- Origin: New York City, United States
- Years active: Late 1960s - early 1970s
- Label: A&M
- Past members: Paul Douglas David Williams Dennis Williams Frank Maio Mike Sassano

= Abaco Dream =

American rock music band

Abaco Dream was an American rock group from New York City, United States.

==History==
The members were Paul Douglas, David Williams, Dennis Williams, Frank Maio, and Mike Sassano. Their 1969 release, the Sly Stone-written "Life and Death in G & A", peaked at number 74 on the Billboard Hot 100 and at number 58 on the Cashbox Top 100 (A&M 1081). Another single from the group, "Another Night of Love/Chocolate Pudding", did not chart when released in 1970.

The constant with all four Abaco Dream tracks was the producer Ted Cooper, who was a music executive at Double M Productions at the time, and had previously worked at Epic Records, Sly Stone's record label. Cooper died in 1975.

==Singles discography==
- A&M 1081 - "Life and Death in G & A" written by Sylvester Stewart / "Cat Woman" written by Eric Siday
- A&M 1160 - "Another Night Of Love" / "Chocolate Pudding" both written by Arthur Miller

"Life and Death in G & A" reached #34 in Canada and "Cat Woman" was #66.

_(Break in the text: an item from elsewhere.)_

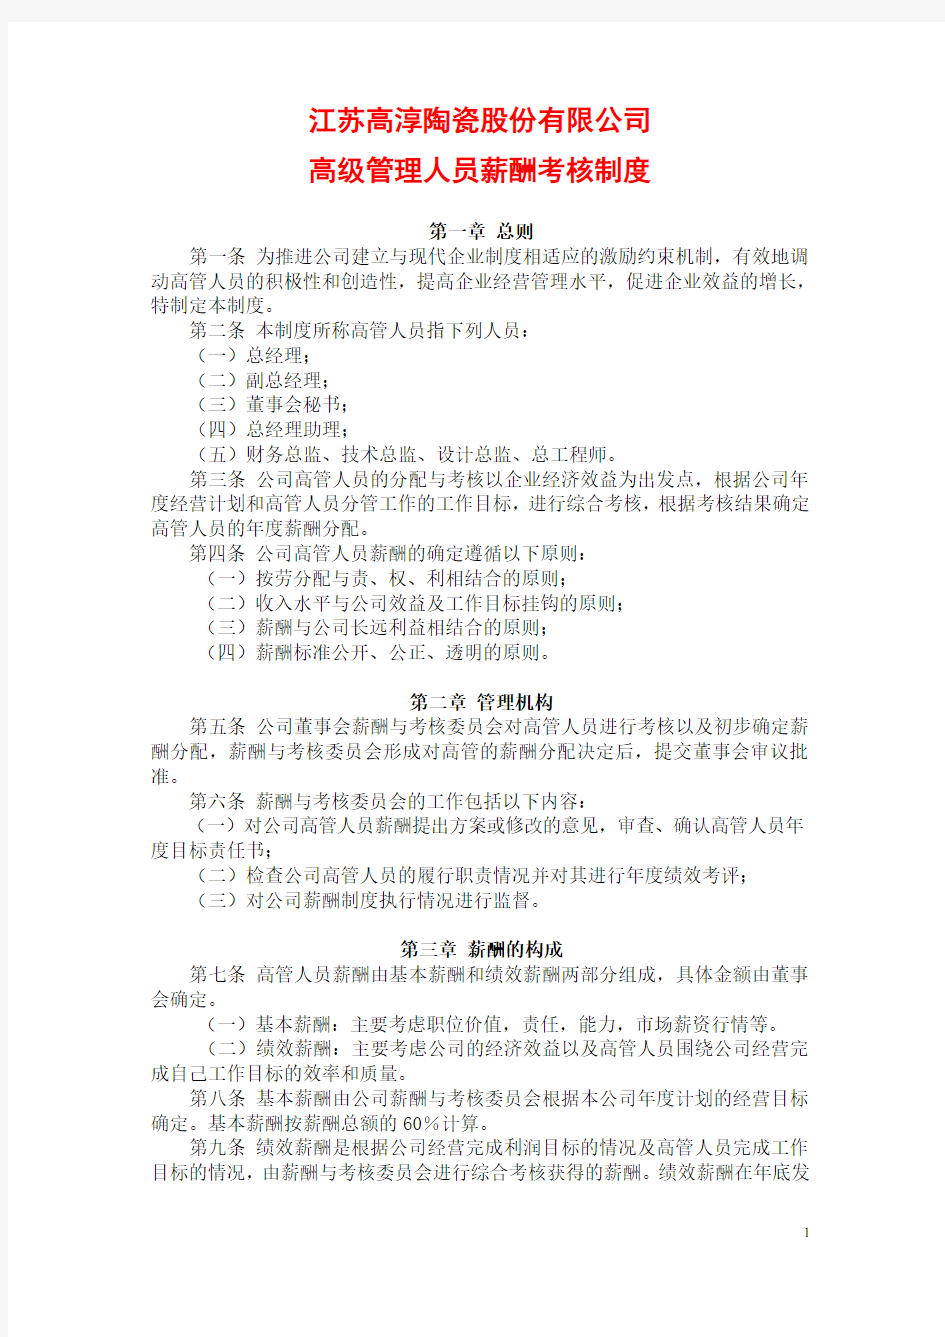 江苏高淳陶瓷股份有限公司高级管理人员薪酬考核制度
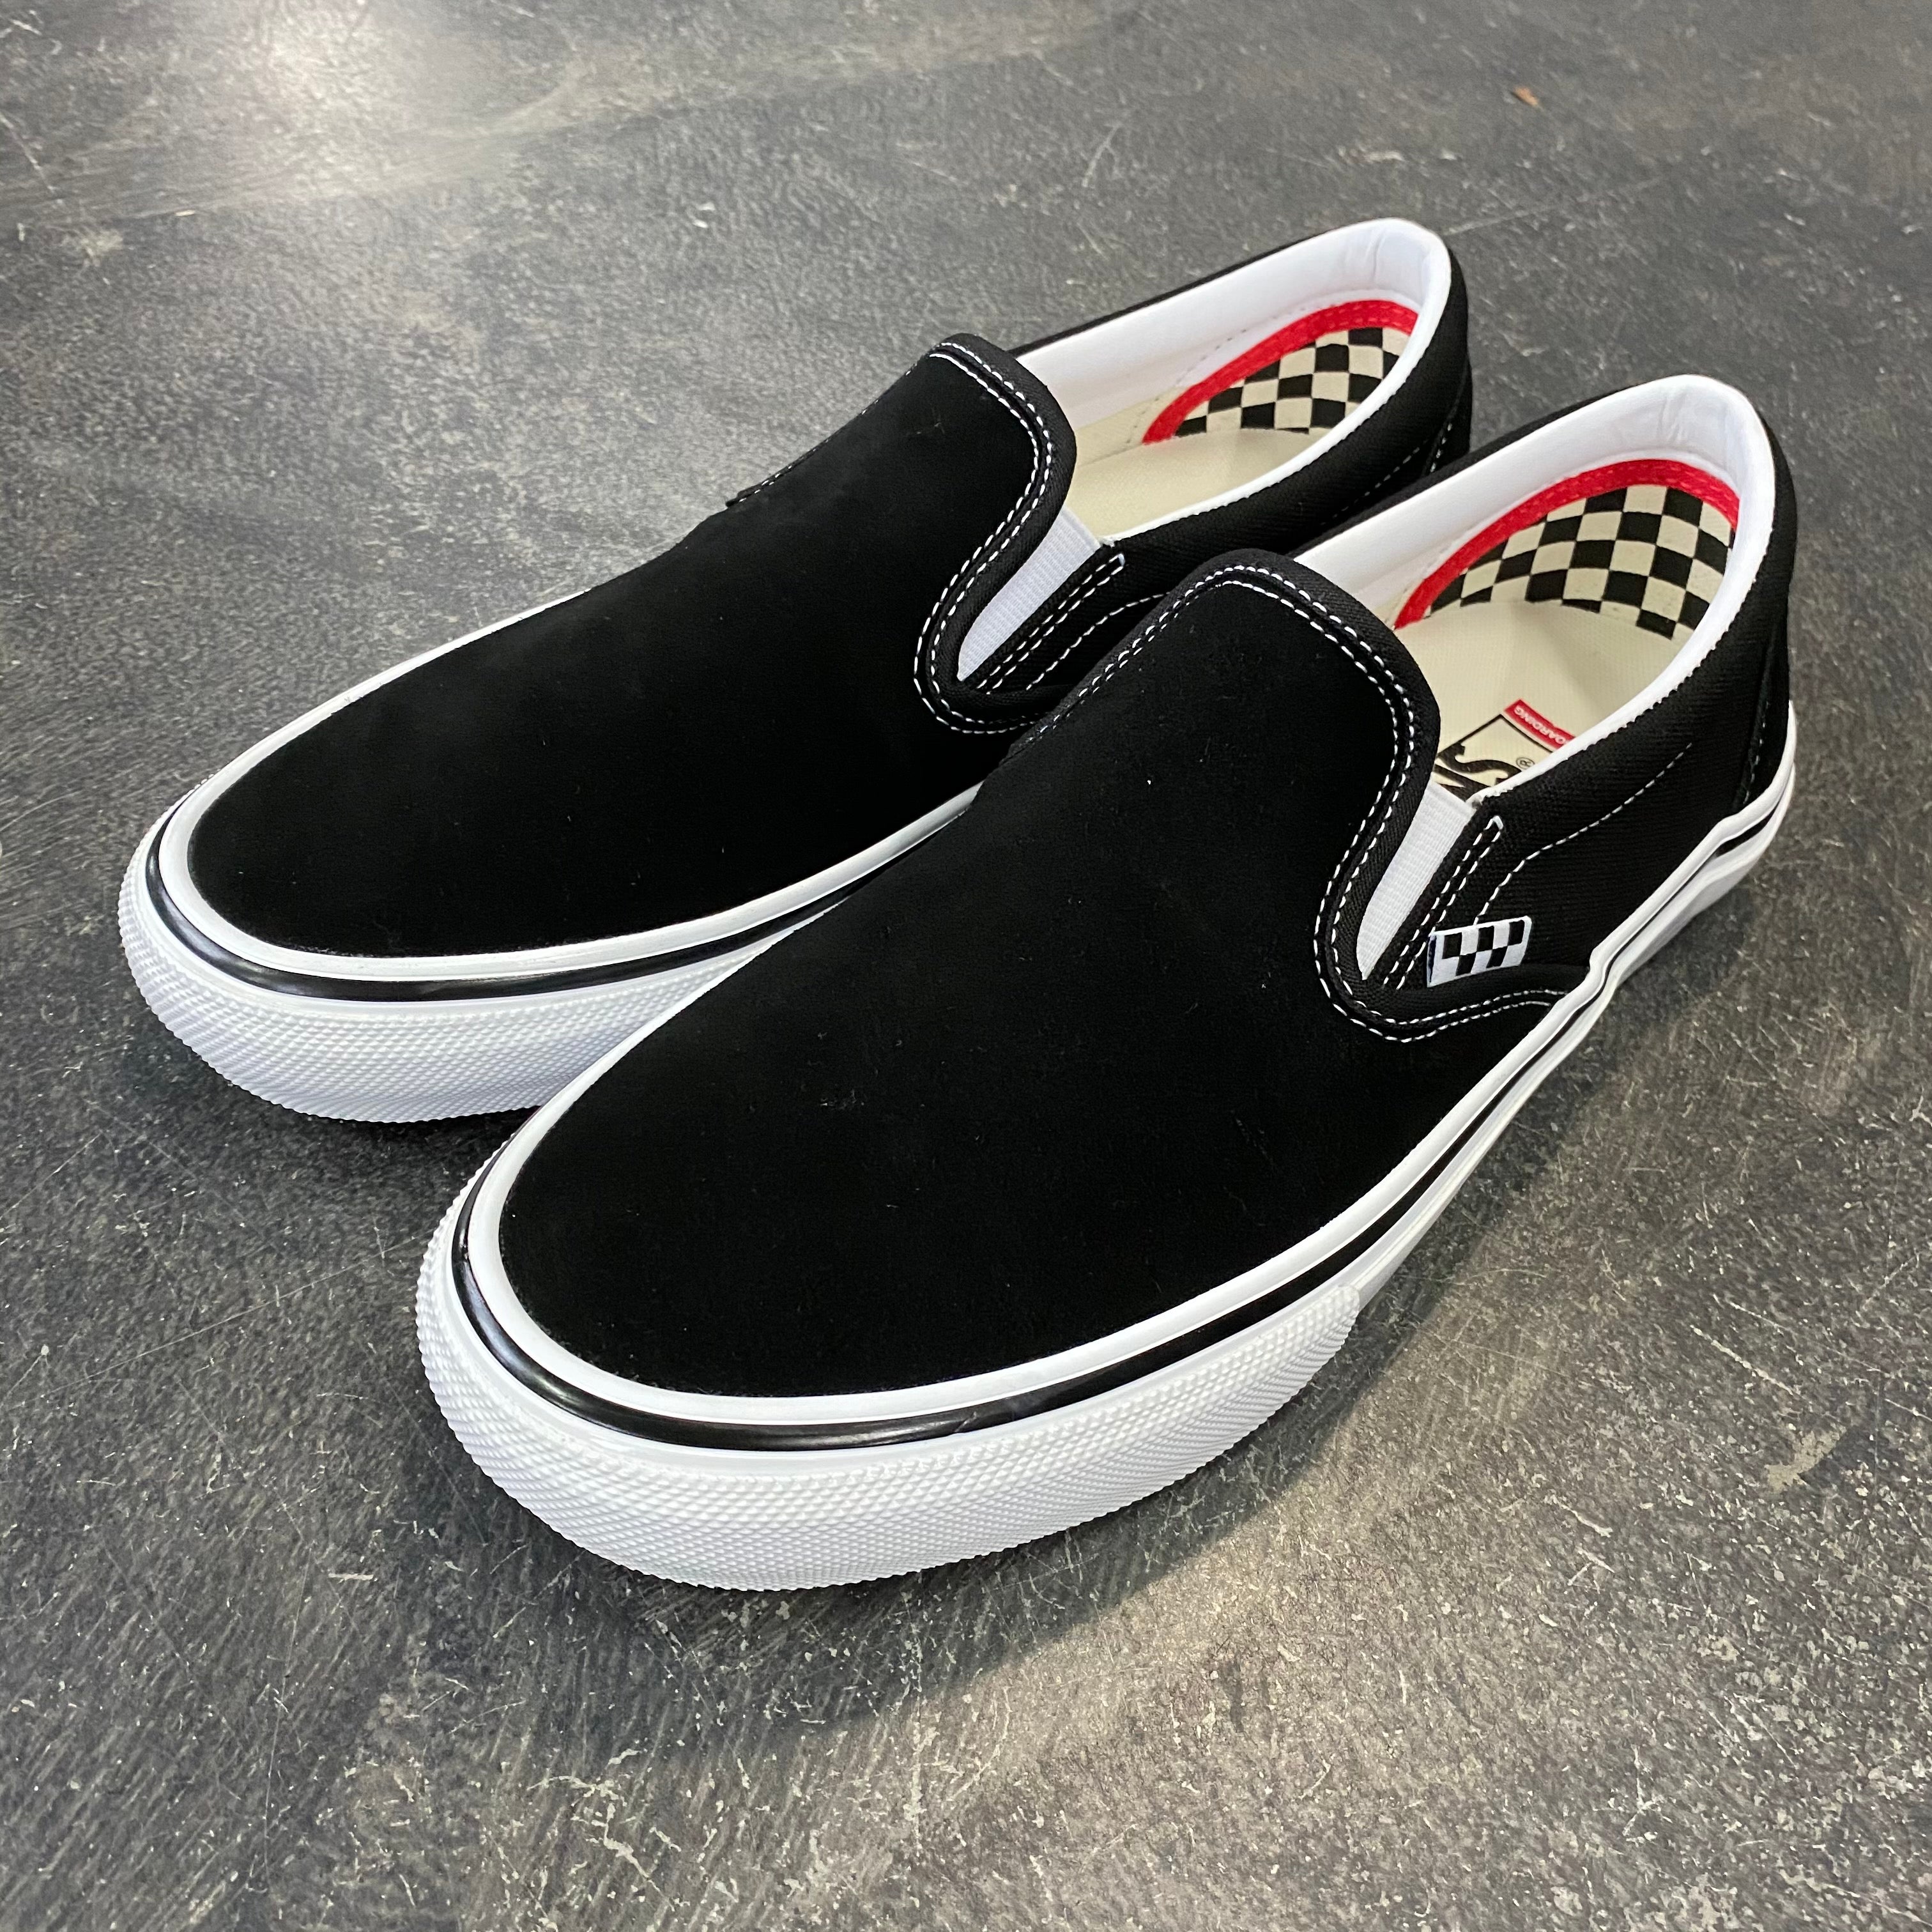 lineair Wild Geheim Vans Skate Slip On Black/White – 561 Skate

==Sly and the Family Stone==
Some musicologists, such as Joel Whitburn, believe that "Life and Death in G & A" is actually a performance by Sly and the Family Stone. They note the similarity in performance of this song to other Family Stone songs and the dissimilarity between this song and other Abaco Dream releases. The song also appears on the CD compilation Listen To The Voices: Sly Stone In The Studio 1965-1970, issued by Ace Records. The vocals are attributed to Joe Hicks who, in 1970, performed a cover version for Stone's Stone Flower label.